▶ _Problem to solve_
In the records below, repeat exactly the lines between the line holding "Tschiuktsches Family - Lithograph" and the line holding "Koala Etikettenpapier 5", inclusive, and drop the pictures.

══ Given information

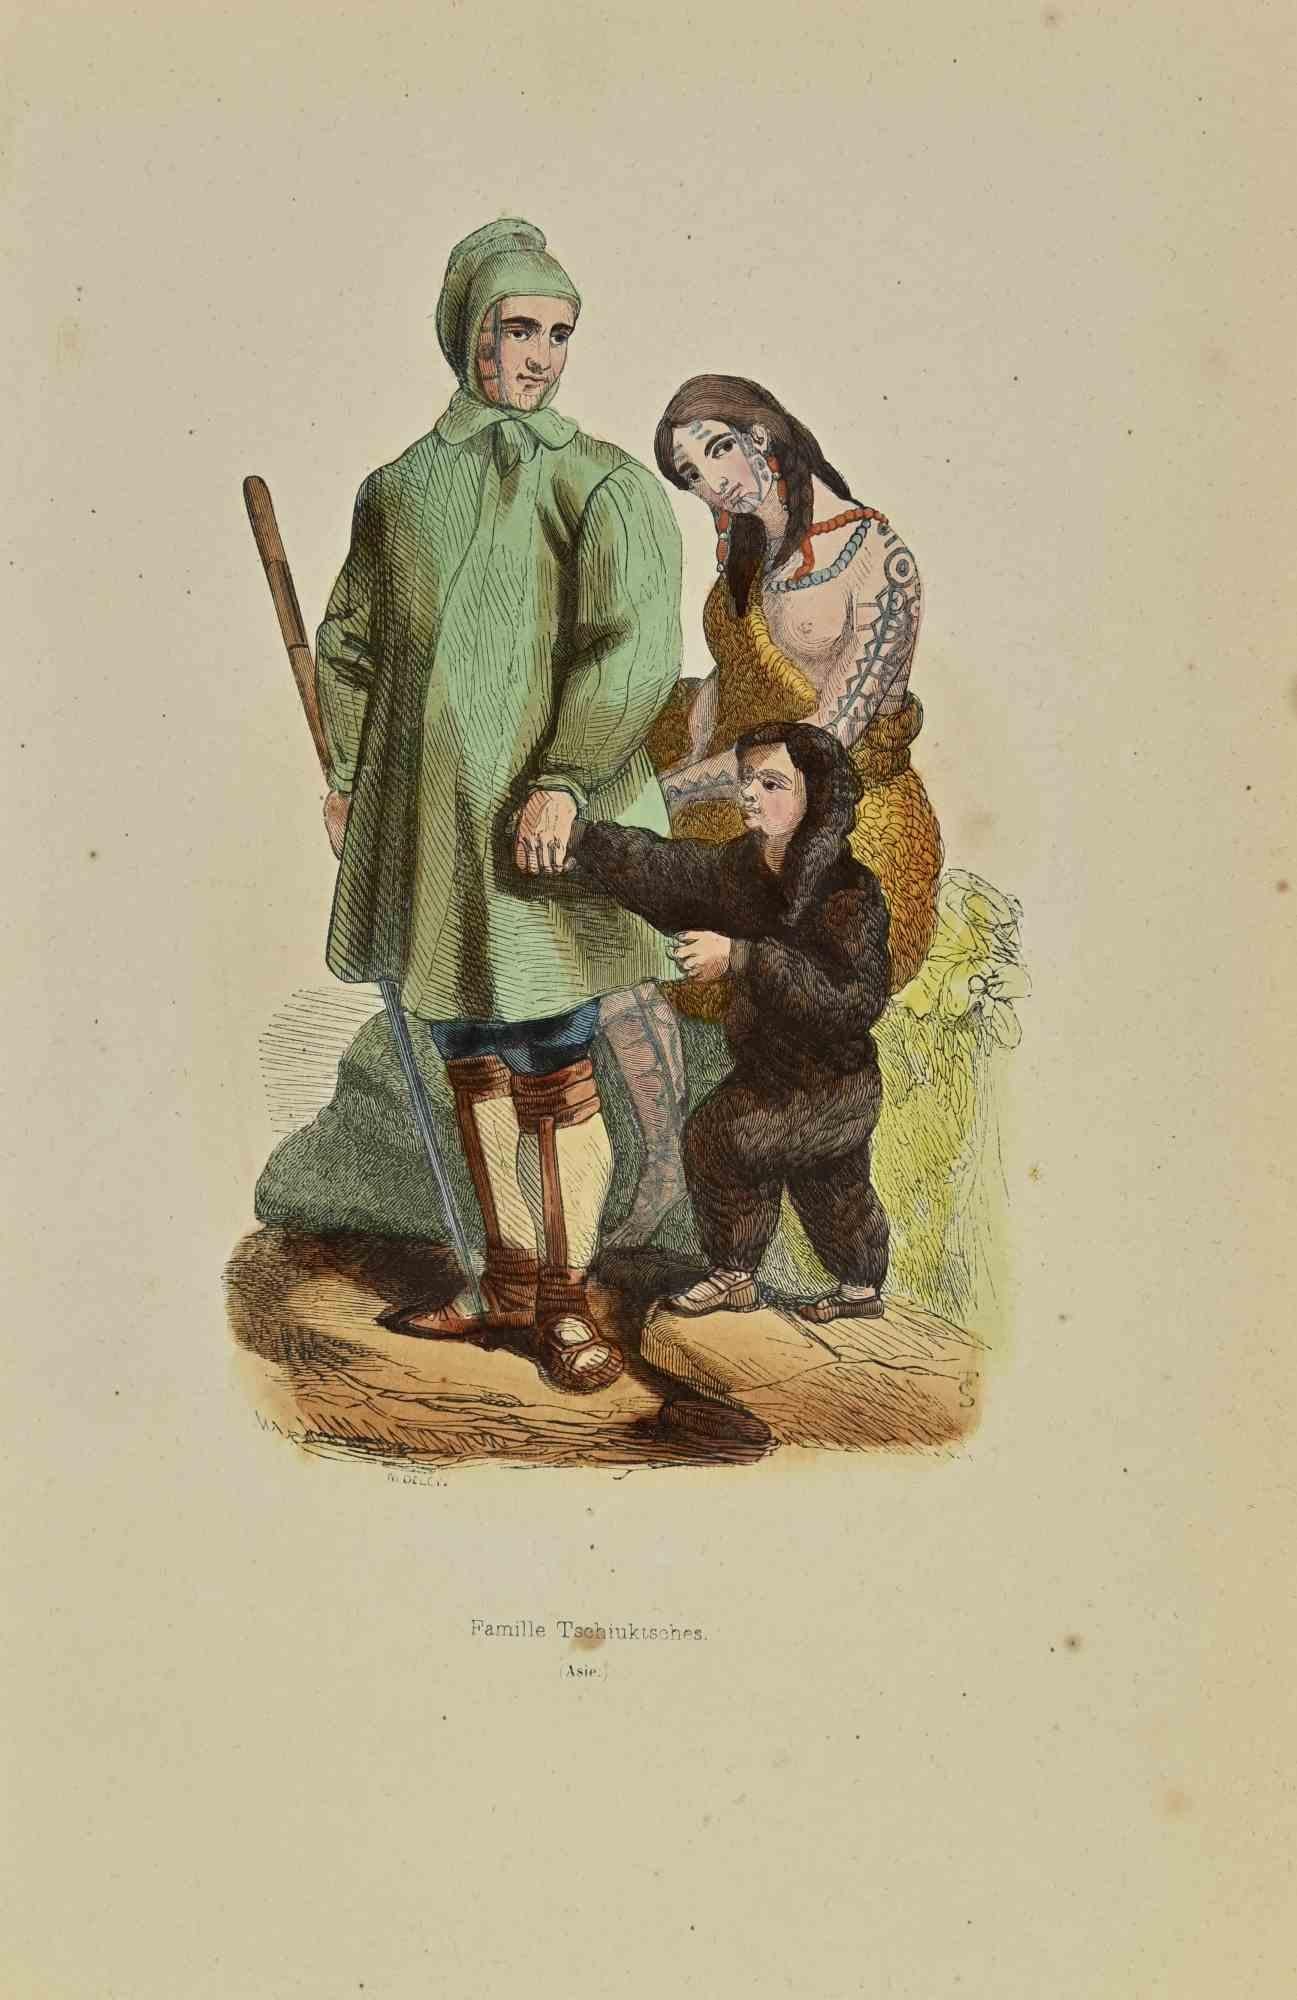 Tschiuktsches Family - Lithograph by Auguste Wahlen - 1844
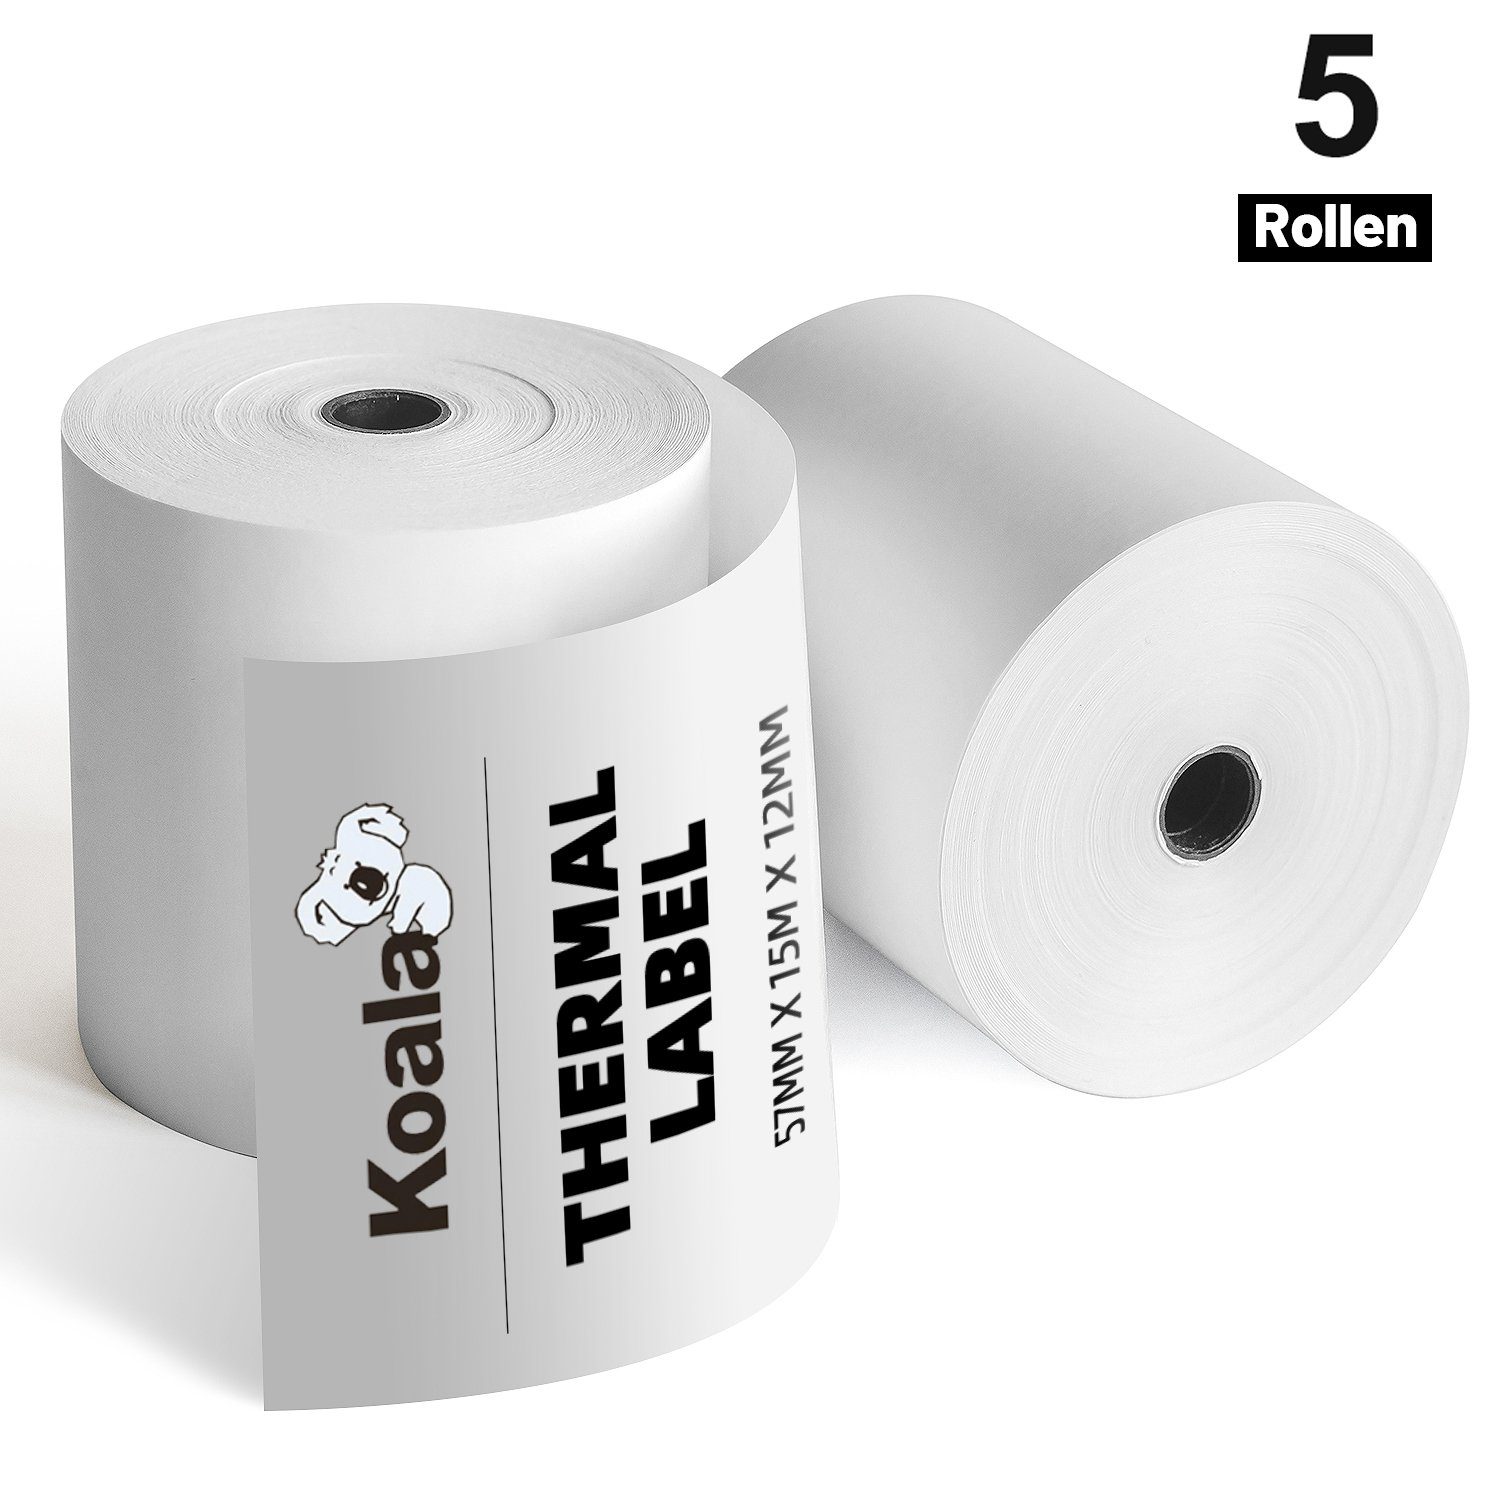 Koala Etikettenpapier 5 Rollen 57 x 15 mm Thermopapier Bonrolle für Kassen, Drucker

════
══ Given information

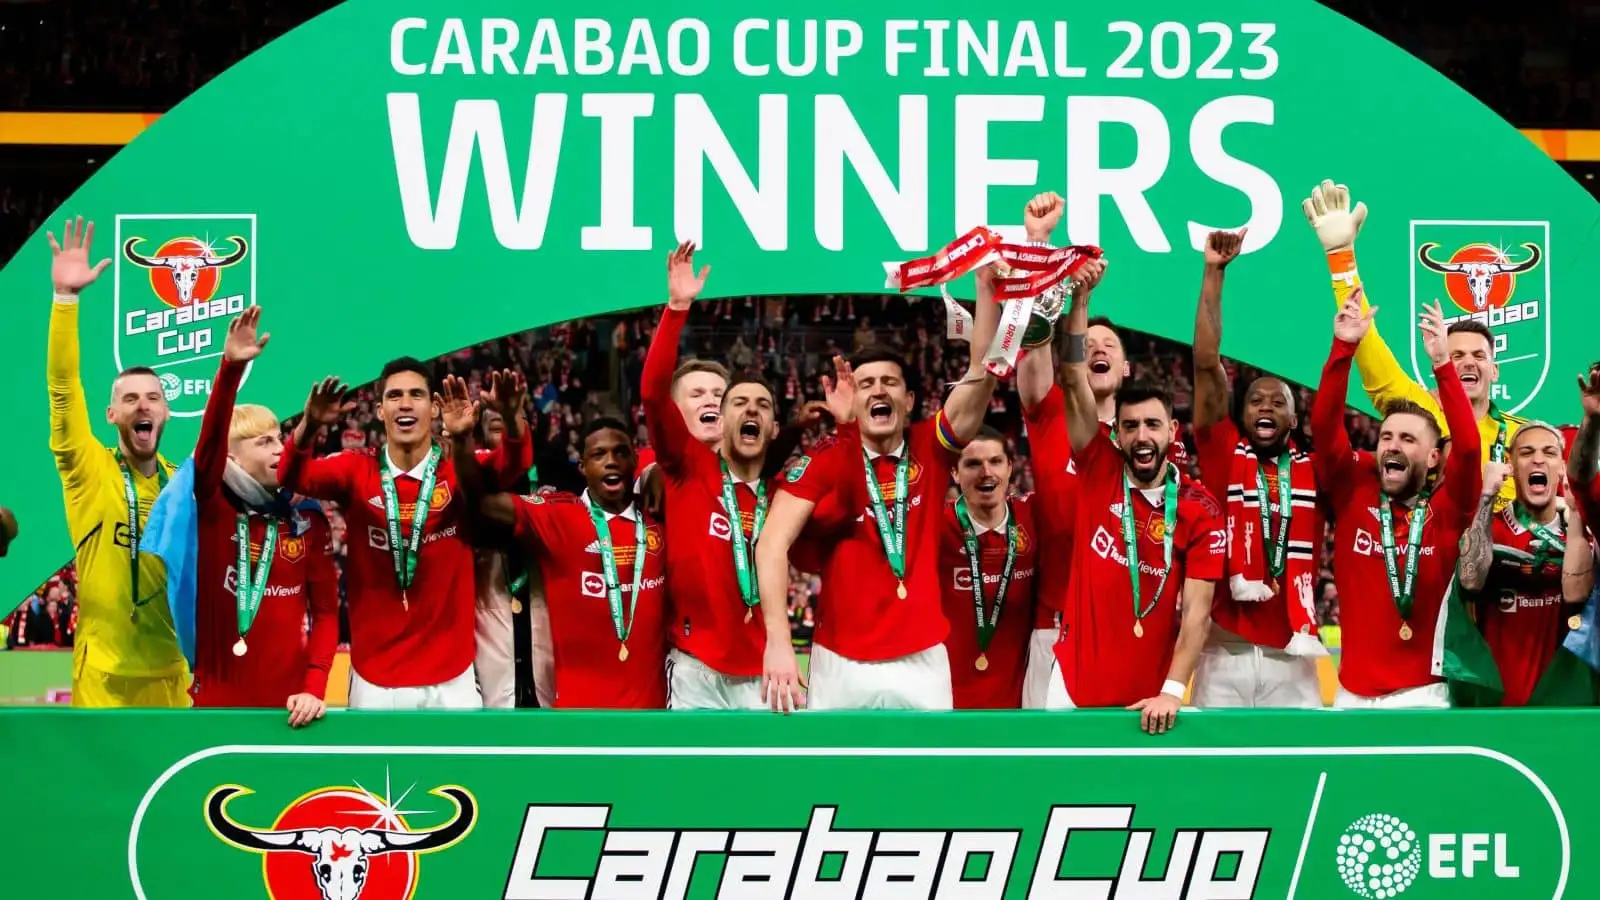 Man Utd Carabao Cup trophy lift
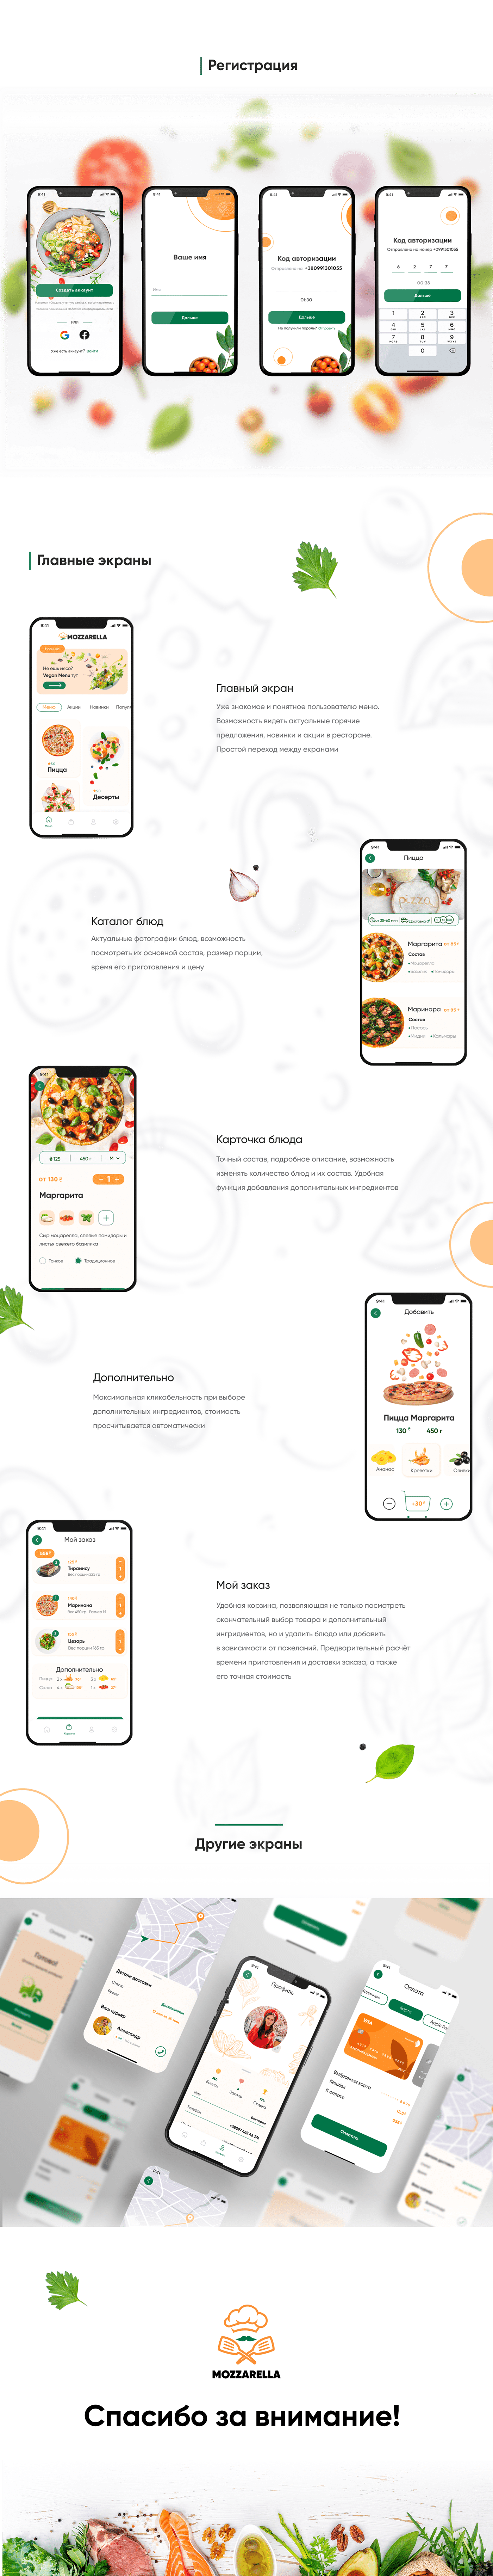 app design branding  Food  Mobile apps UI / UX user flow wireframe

════

▶ _Result for this exercise_
 Tschiuktsches Family - Lithograph by Auguste Wahlen - 1844
 Koala Etikettenpapier 5 Rollen 57 x 15 mm Thermopapier Bonrolle für Kassen, Drucker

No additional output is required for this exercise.